Миша Зив жил работой со словом – именно это, помимо сведенной к необходимому минимуму возни с повседневным бытом, и составляло содержание его жизни. Слово – единственный материал, сотворенный человеком самостоятельно. Все остальное – краски, звуки, камни, нефть, руда – то есть все то, из чего мы изготавливаем наши дома, симфонии, компьютеры, самолеты и живописные картины, существовало в мире задолго до нашего прихода. По сути, все вышеперечисленные продукты не являются творчеством; процесс их создания представляет собой всего лишь рекомбинацию уже имеющихся полуфабрикатов, одолженных нам Создателем, их единственным законным Хозяином.

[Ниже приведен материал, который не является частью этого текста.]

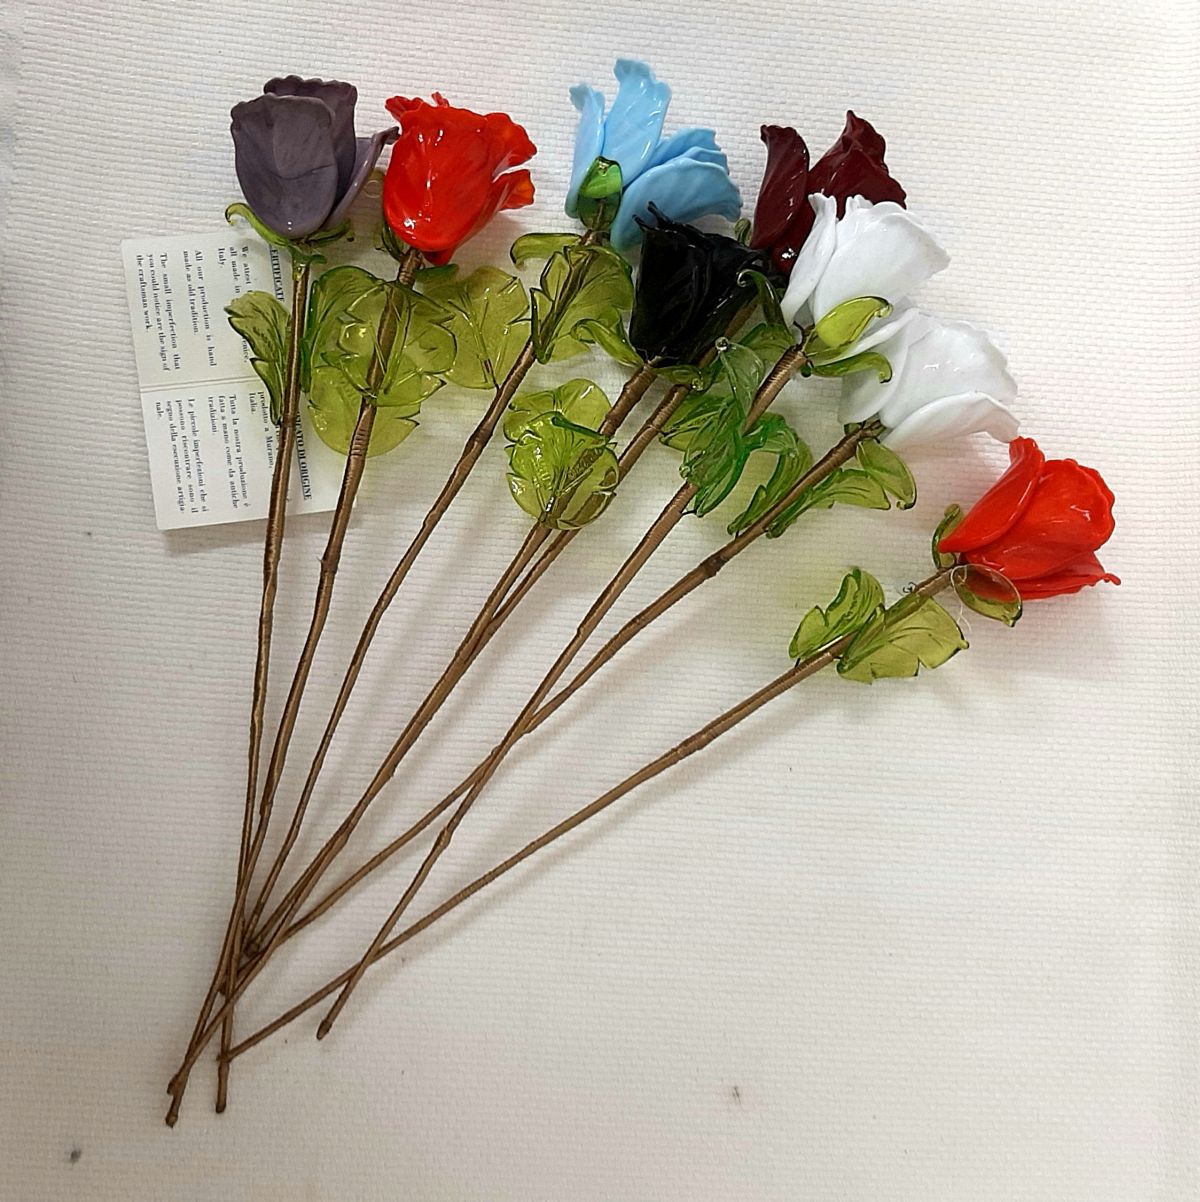 λουλούδια Μουράνο, 25 € το ένα τεμάχιο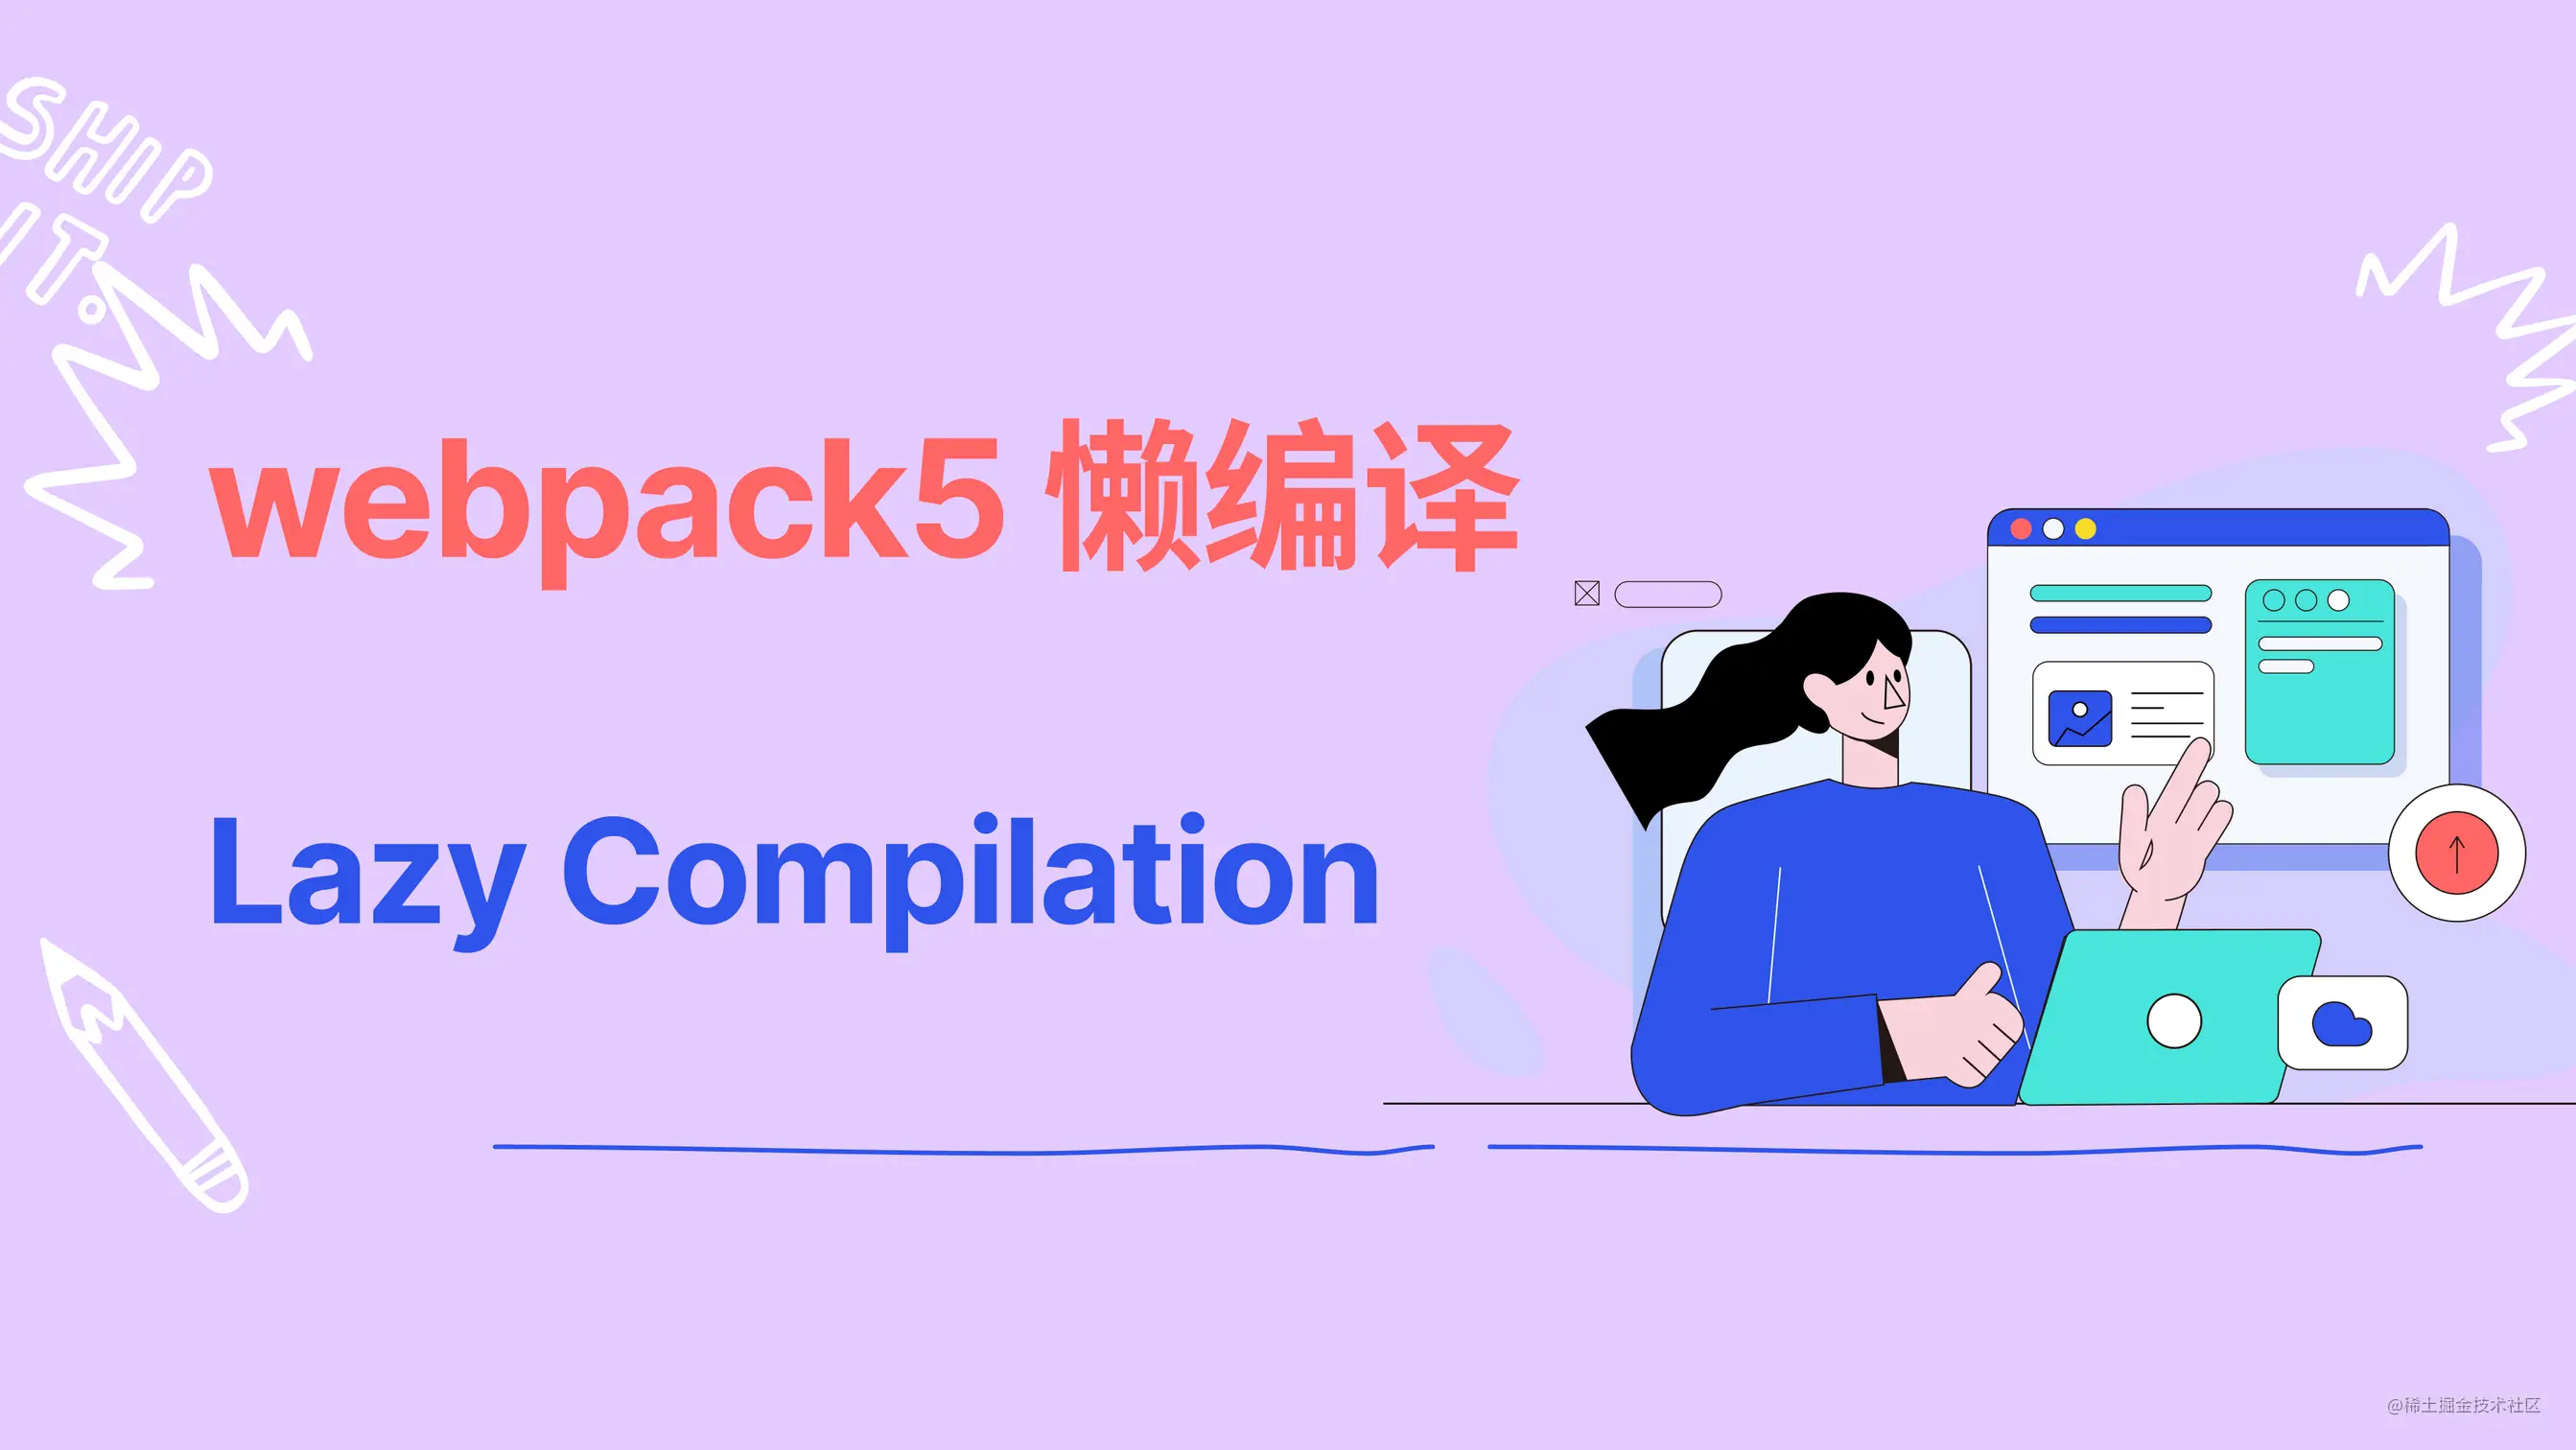 在 Webpack 5 中开启懒编译（Lazy Compilation）

Для того чтобы поумерить гордыню человека-творца, достаточно напомнить, с какой скоростью – по меркам мира – распадаются на исходные элементы наши города, корабли и одежды, когда мы на время приостанавливаем их постоянную эксплуатацию. И это логично: одолженное возвращается к Владельцу. Все в итоге возвращается к Нему – все, кроме слов. Потому что хозяева слов – мы, люди. Мы сотворили их, а из них построили и продолжаем строить словесные миры, в которых отражается мир Создателя и Он сам. И если исчезнем мы, вместе с нами исчезнут и слова – бесследно, не распадаясь на атомы. Именно в этом смысле следует понимать заведомо запланированную Создателем Богоподобность человека: …по образу Своему, по образу Божию сотворил его… (Бытие 1:27).
Адам тоже творец, наряду с Творцом, – это и только это отличает его от прочего живого и неорганического мира.
Зачем Создателю понадобилось такое странное, из ряда вон выходящее существо? У меня есть только одно подходящее объяснение: Творцу, бесконечному в свойствах и качествах, кое-чего все-таки не хватало до идеальной полноты, идеального совершенства. А именно: возможности взглянуть на Себя со стороны. В самом деле, принципиально невозможно найти эту «сторону», если ты содержишься в каждой песчинке сотворенного тобою же мира. Желанное зеркало можно разместить только вовне, там, где ты будешь не содержанием, а отражением – иначе никак.
Словесные миры, сотворенные человеком, и представляют собой такое зеркало для Создателя и Его мира. Нет сомнений, оно кривое-горбатое и продуцирует скорее искажение, чем отражение. Но другого пока, увы, нет, так что Хозяину приходится довольствоваться наличным и надеяться на лучшее – ведь человек продолжает работать над словом, постоянно выправляя и полируя продукт. Как знать – возможно, наступит момент, когда Создатель наконец-то увидит в сотворенном нами зеркале хотя бы отдаленное подобие Себя…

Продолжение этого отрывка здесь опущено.